-- Activity --
Below are the entries. Print only the lines starting at the one with "Free Download Shaklee Planner" and ending at the one with "Amazing kia sportage", exactly, with no pictures.

-- Supplied data --
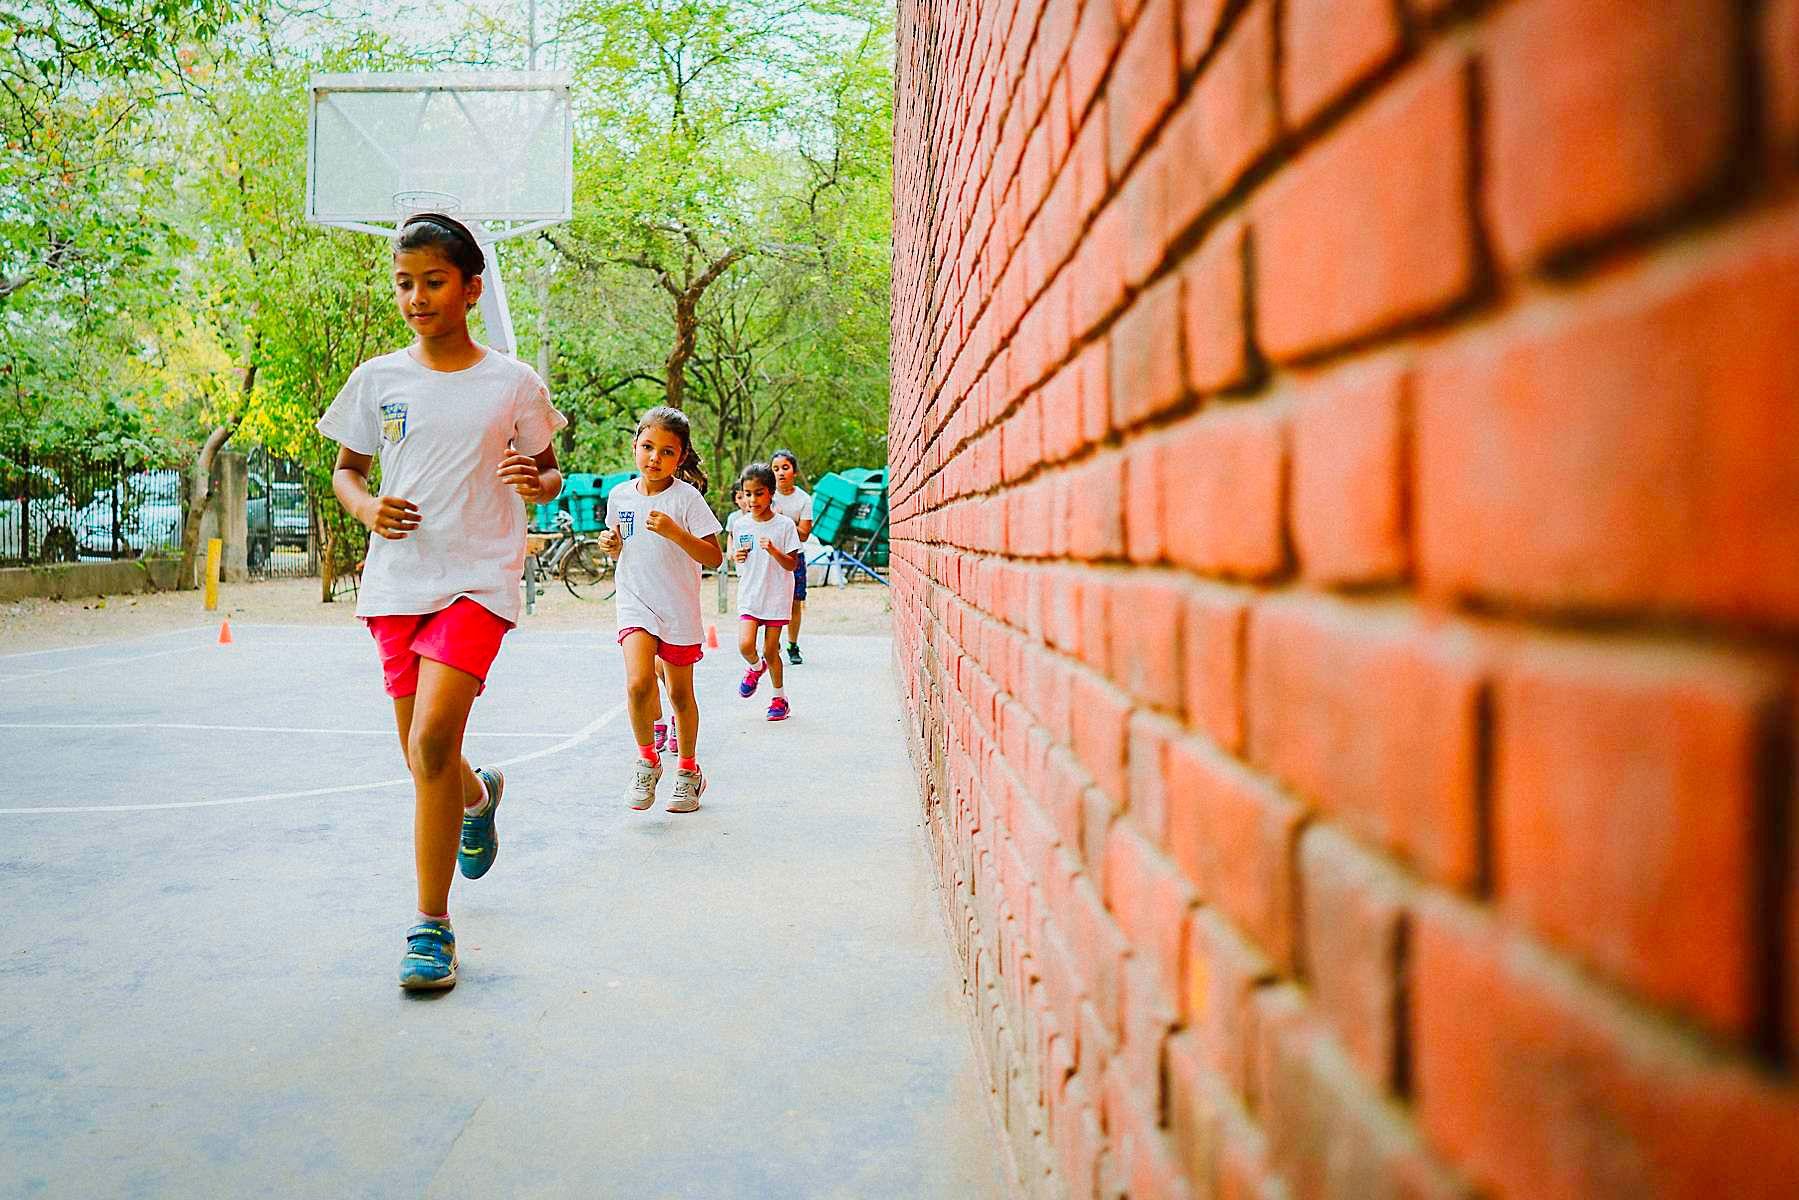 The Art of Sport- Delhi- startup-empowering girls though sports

* * *

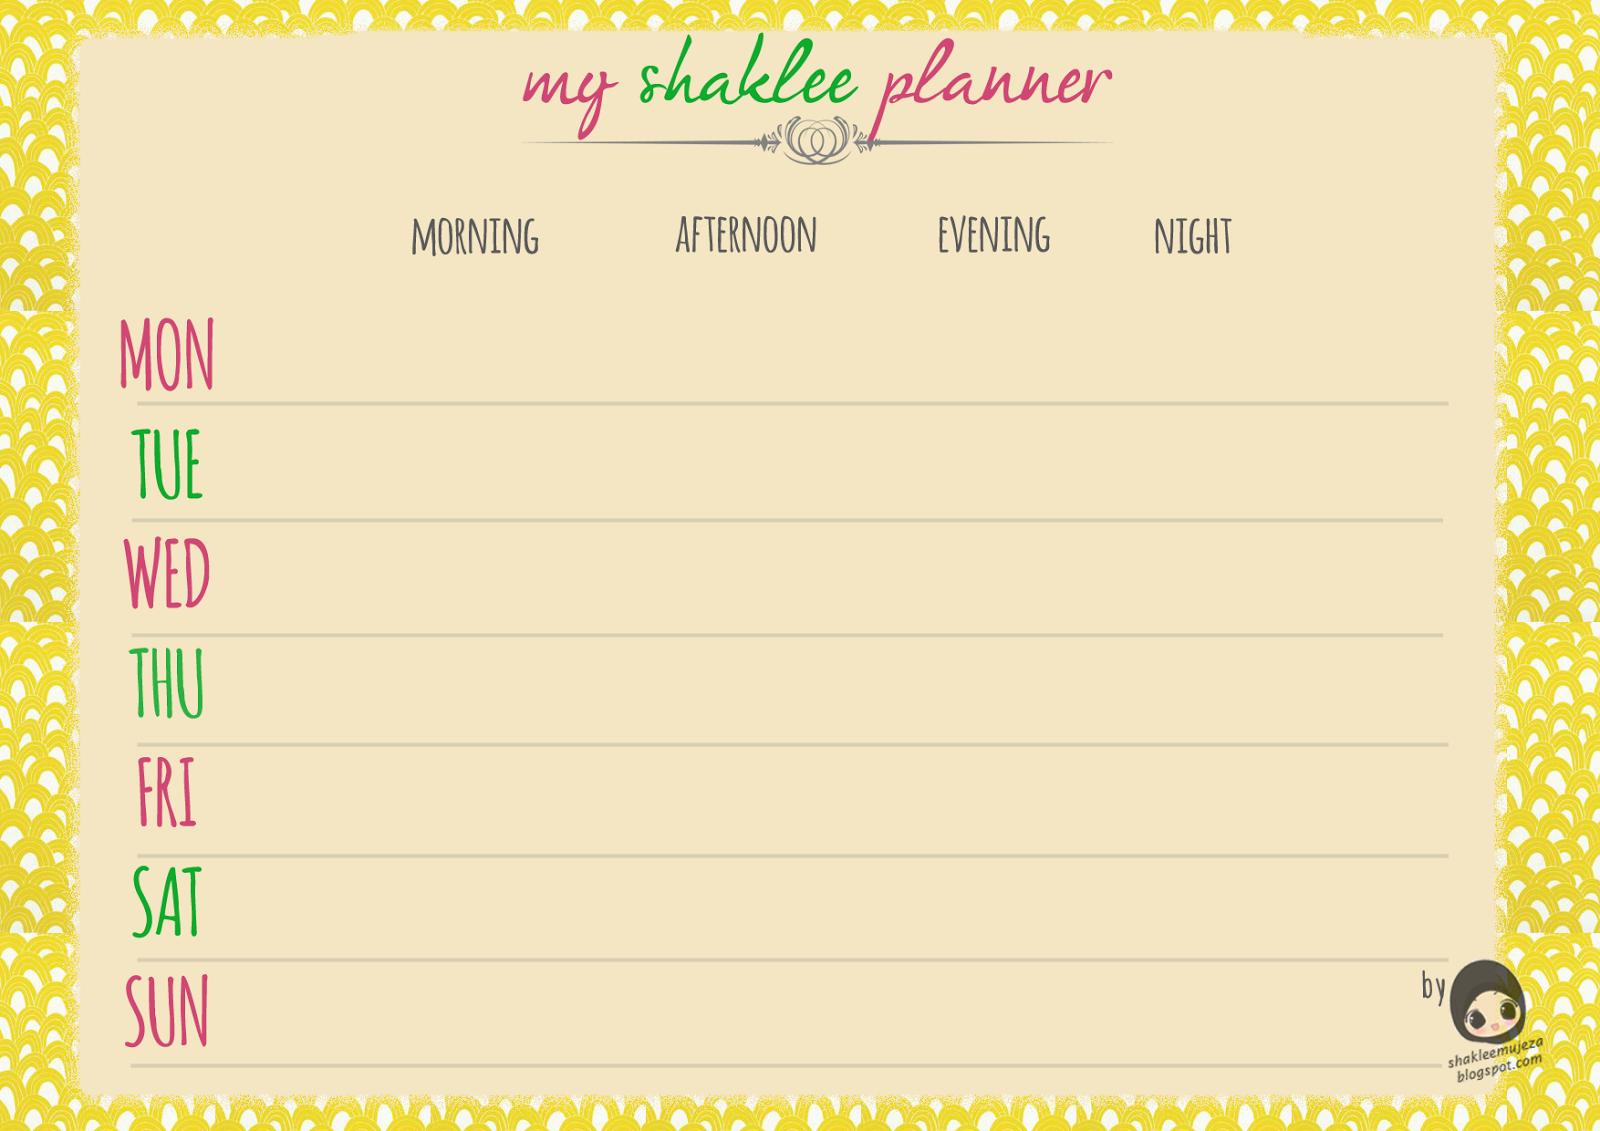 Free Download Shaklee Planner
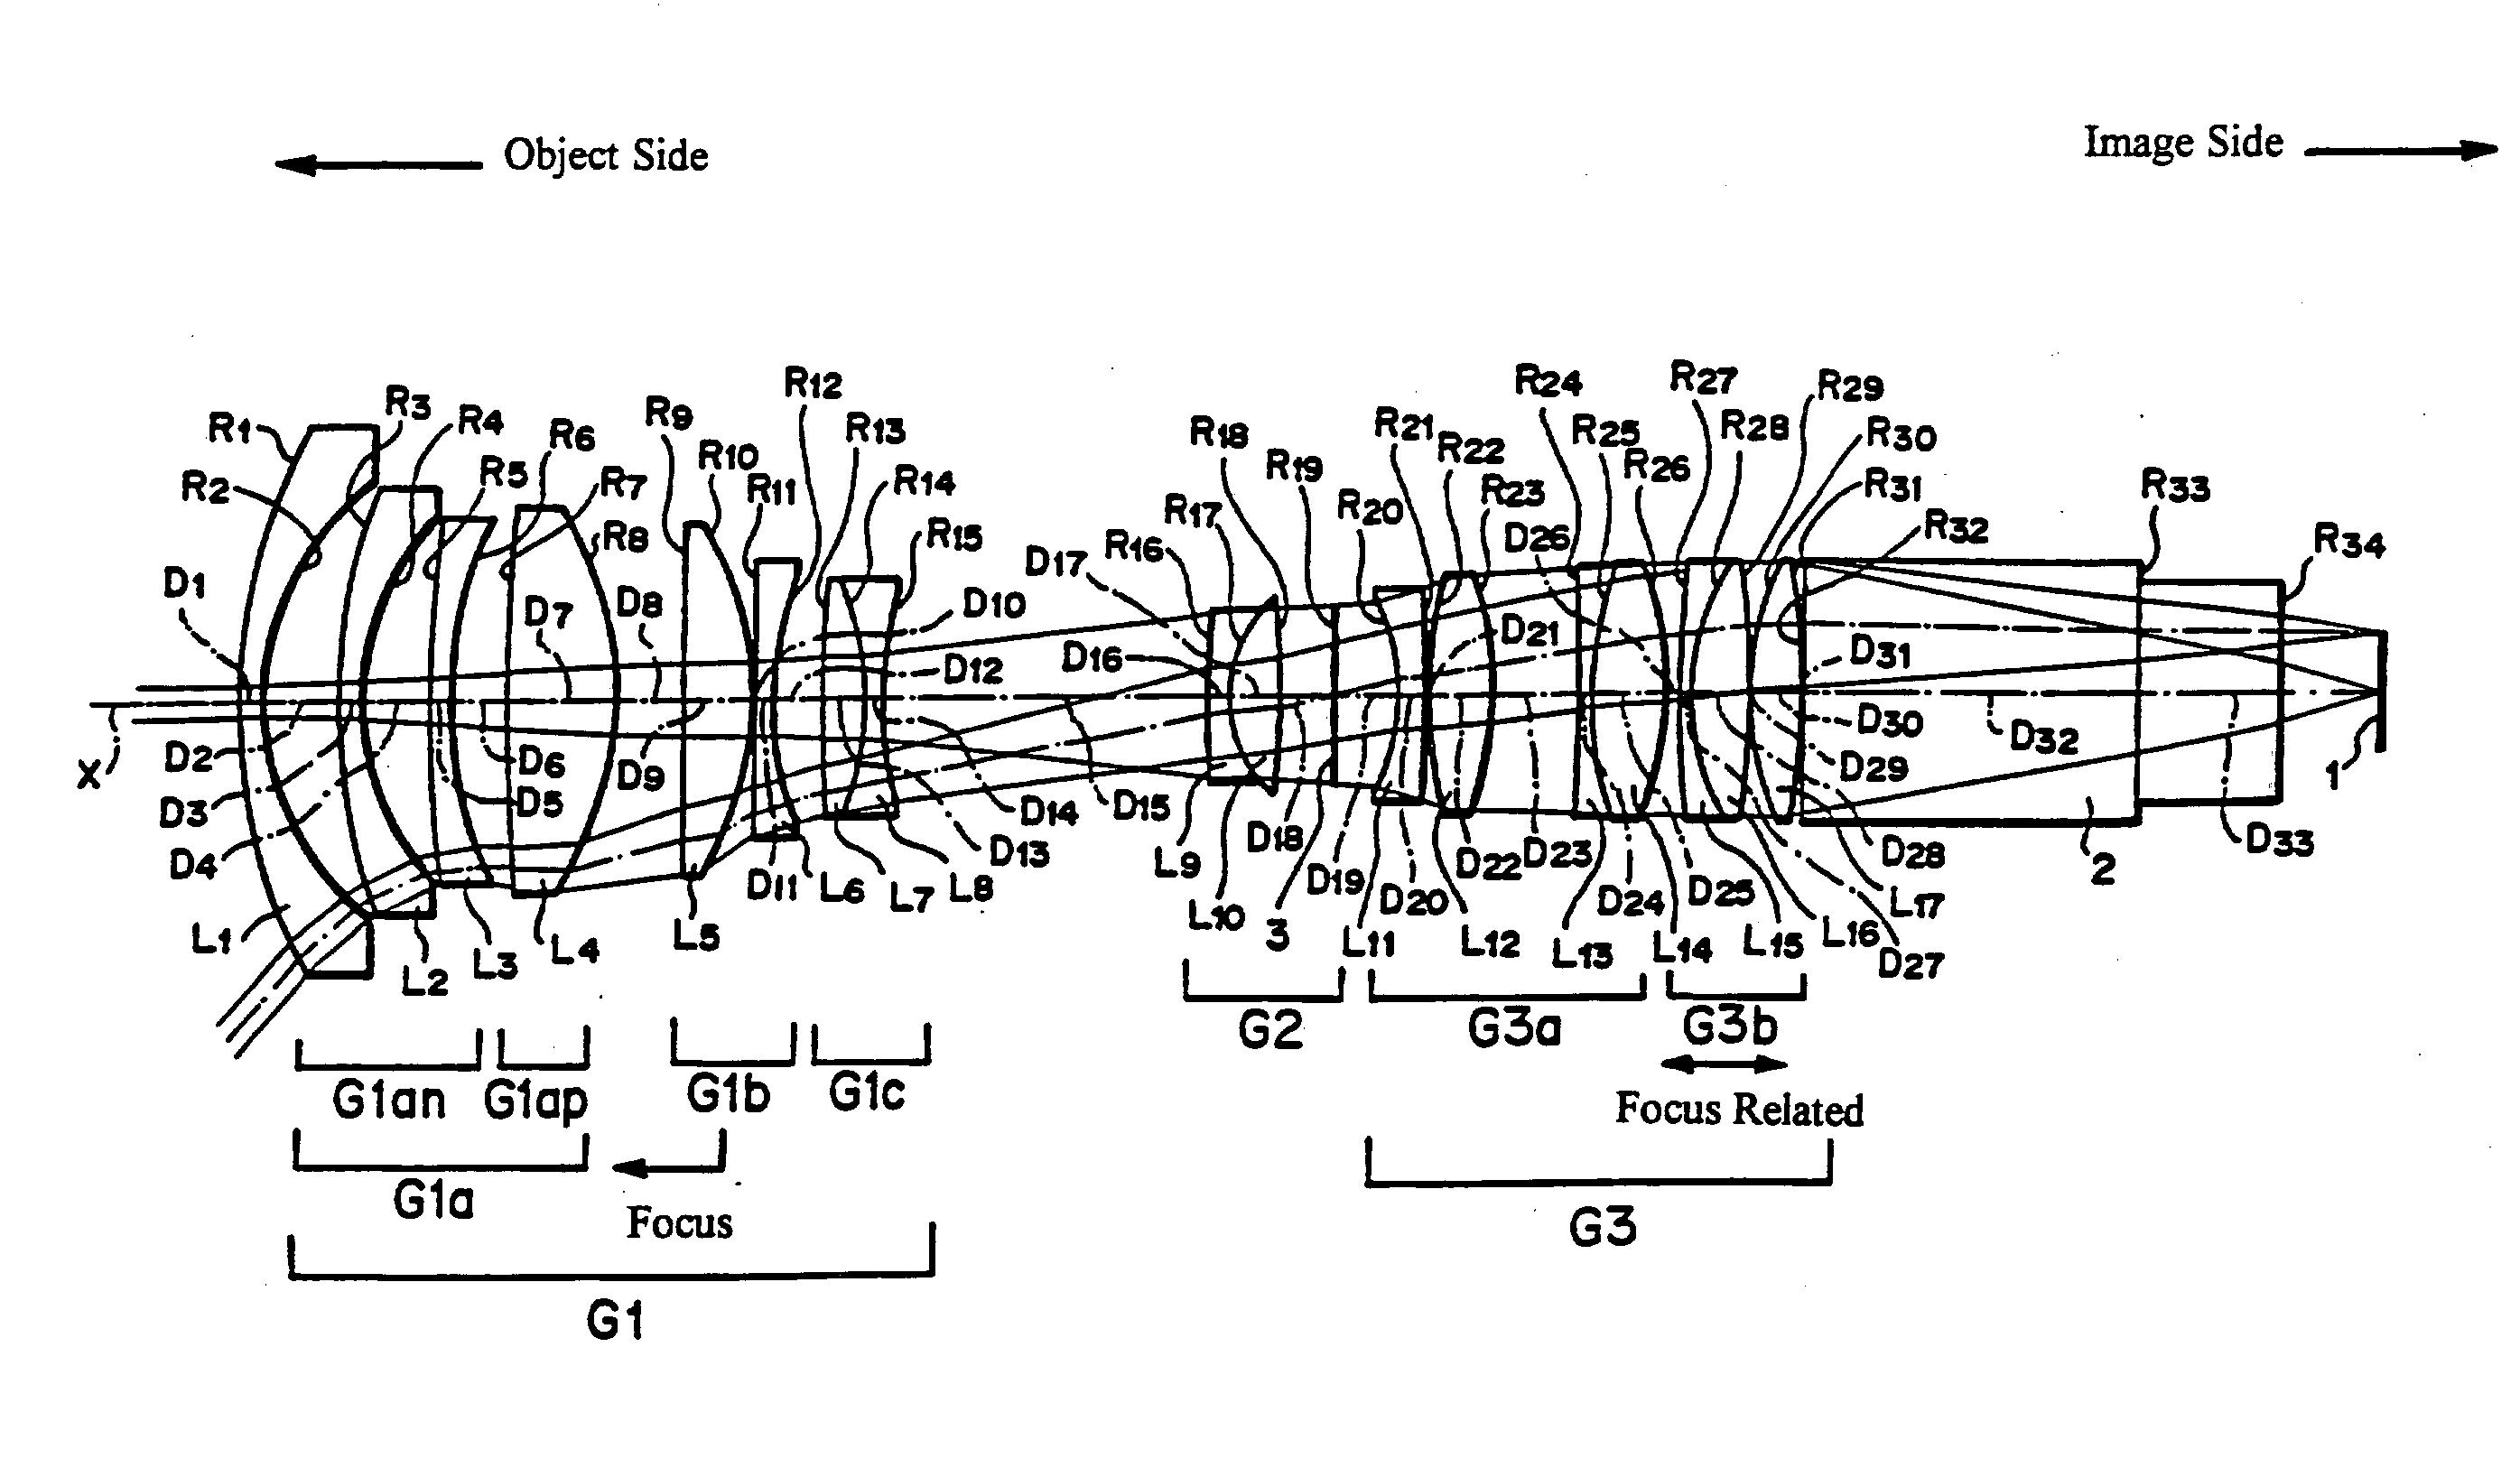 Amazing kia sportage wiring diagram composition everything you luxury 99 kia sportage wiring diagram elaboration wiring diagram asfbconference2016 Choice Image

---

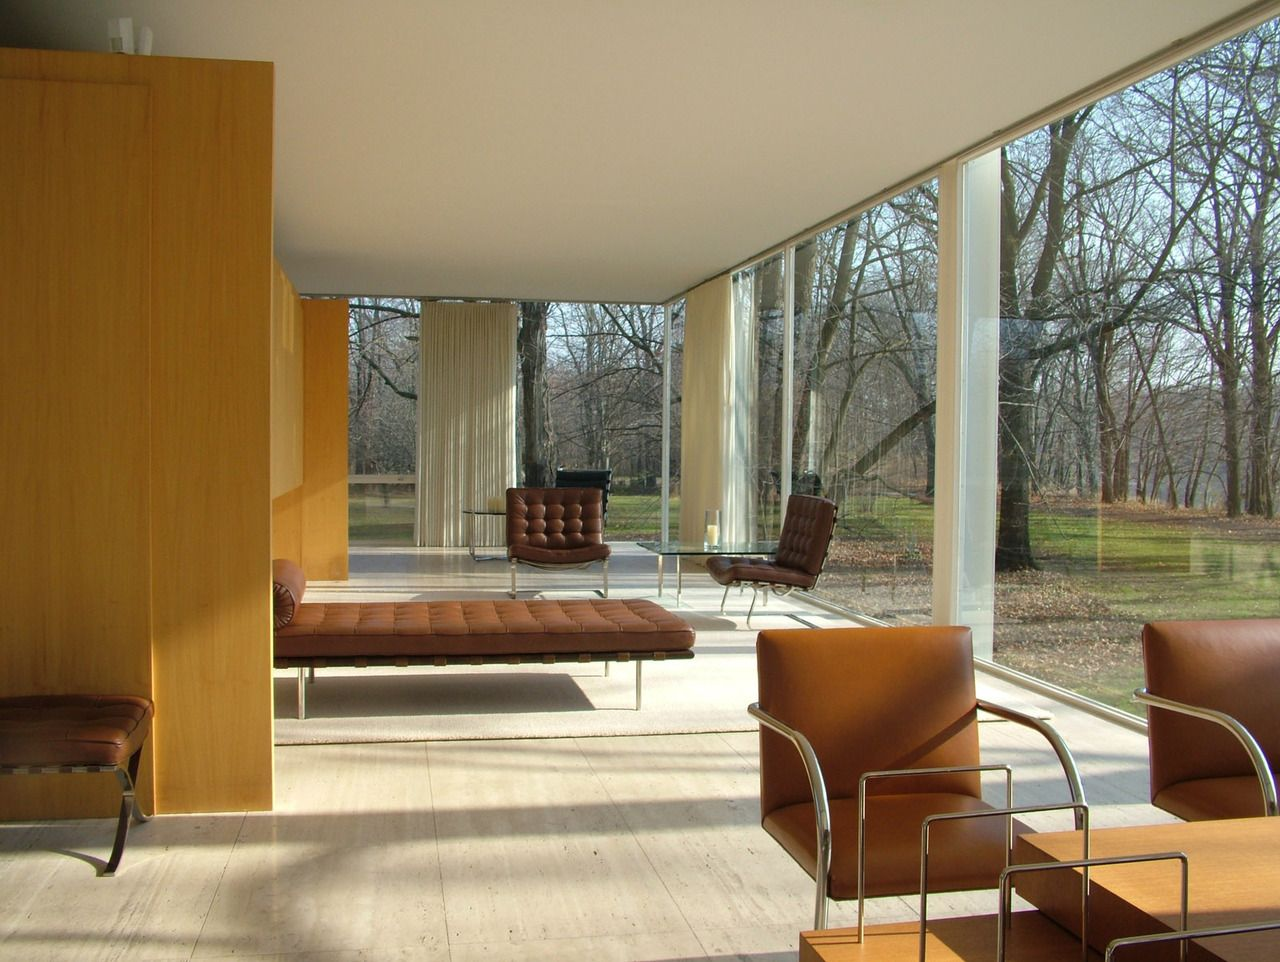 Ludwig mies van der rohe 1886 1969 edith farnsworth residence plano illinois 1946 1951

-- Response to the exercise --
 Free Download Shaklee Planner
 Amazing kia sportage wiring diagram composition everything you luxury 99 kia sportage wiring diagram elaboration wiring diagram asfbconference2016 Choice Image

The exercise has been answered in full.